There were a couple of very interesting sponsor prompts, and I'm still
a little sad we never got the chance to use Pinata. We went
with PNC's prompt, to build tooling for observability and data lifetimes.
Of course, the word "observability" and "lifetimes" immediately caused us
to think of Kafka and message queueing. So, for our project, we decided to
build a platform to model and display the end to end life cycle of data
cleanly and efficiently. To that end, with only one all-nighter pulled. We
produced Sauron (a very clever name I came up with my self, thank you
very much). Here is a link of
a demo that due to time
constraints we had to make before we could fully hook it up the Confluents
instance that we were simulating our Extract, Transform, Load pipeline on.

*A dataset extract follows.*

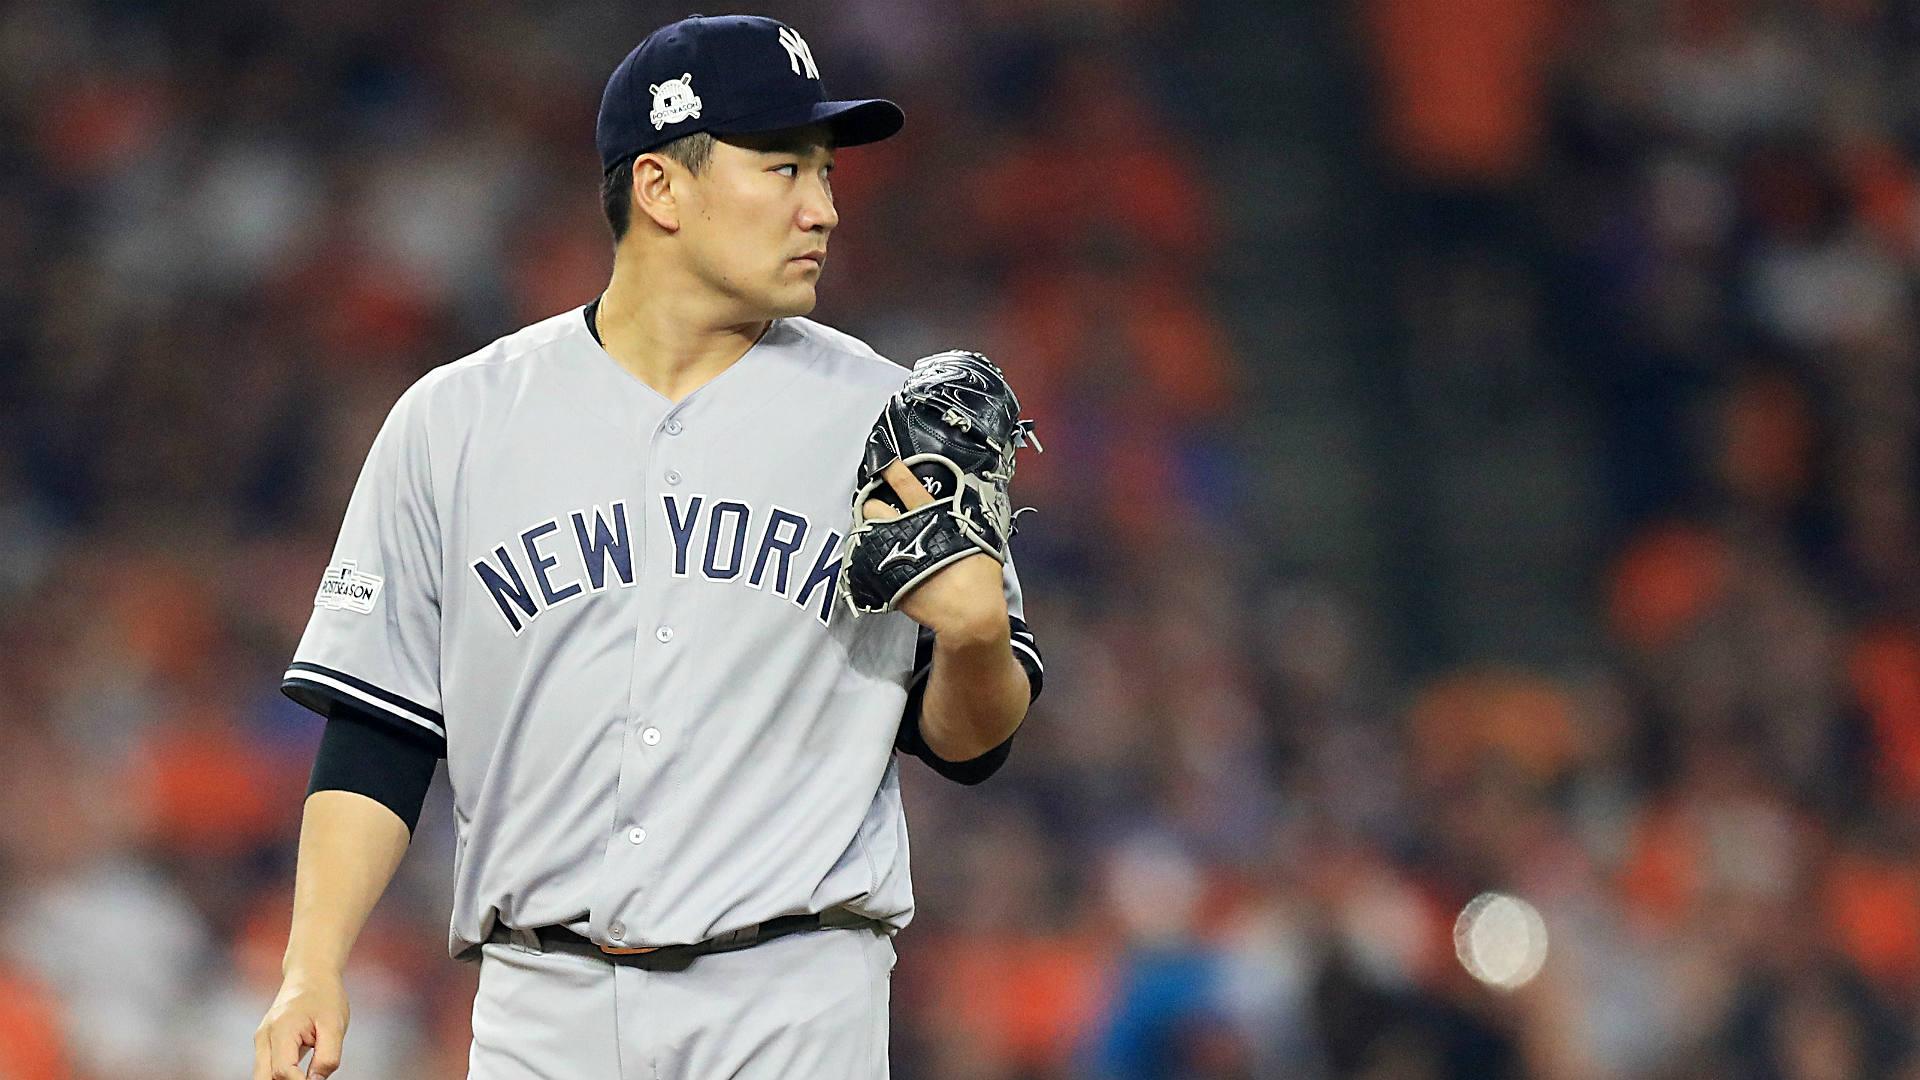 Masahiro Tanaka hit in head by Giancarlo Stanton line drive during Yankees camp 1
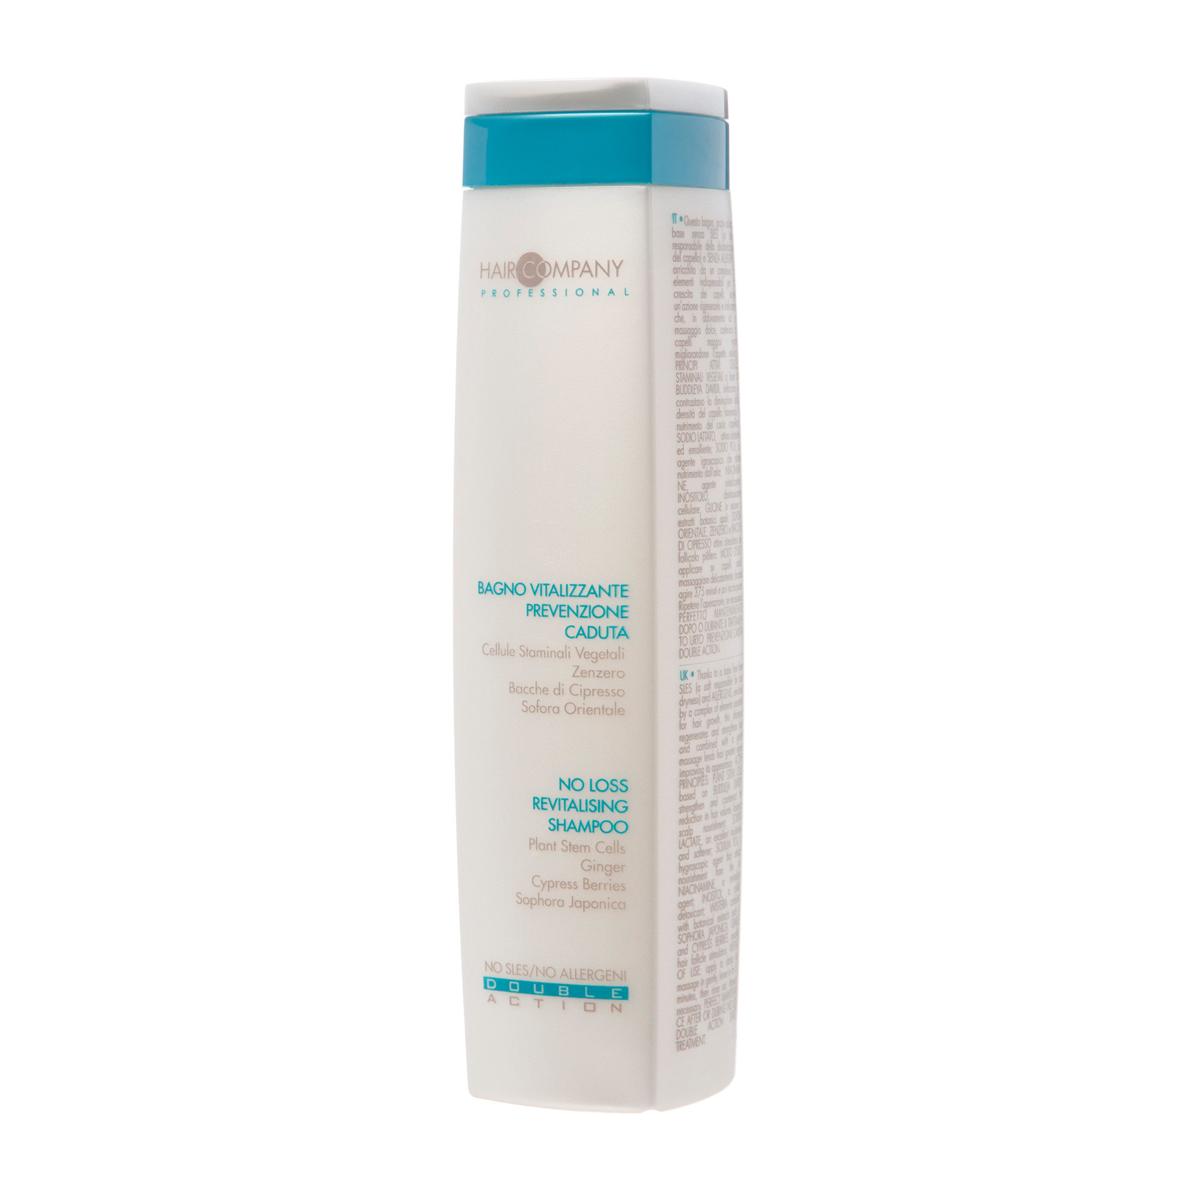 Hair Company Специальный шампунь против выпадения волос Double Action No Loss Revitalising Shampoo 250 мл weleda revitalising hair tonic

And here is the GitHub repo
Briefly, we used Terraform to spin up a Confluents instance, as well as
several small python cli programs (which were containerized and
orchestrated over k8) which acted as modular consumer-producers to
simulate micro-services in our pipeline. We utilized some minimal (and
very under documented) OpenTelemetry python instrumentation, written
directly into the service, which hooked up to a Jaeger instance
(also deployed on k8). Finally, we somehow (I was asleep) relayed the
Jaeger data into our front end, which you could see in the video.
Overall it was a very good, although exhausting hackathon, and we produced a very interesting project. I learned a lot, and was definitely the most hands on experience that I've had with Kafka. A couple take aways:
- Maybe python isn't the best language for a hackathon. Go is synonymous with cloud native architecture, and it really felt like Jaeger and really the entire stack only tolerated python.
- Tooling, as opposed to consumer software, is difficult to build partially because the standards and protocols which are used have "rougher edges". This is very similar to my experience working in embedded spaces, where protocols designed to I/O with a non-technical user (e.g. USB, SCPI) are much easier to leverage than whatever is going on with QUADSPI.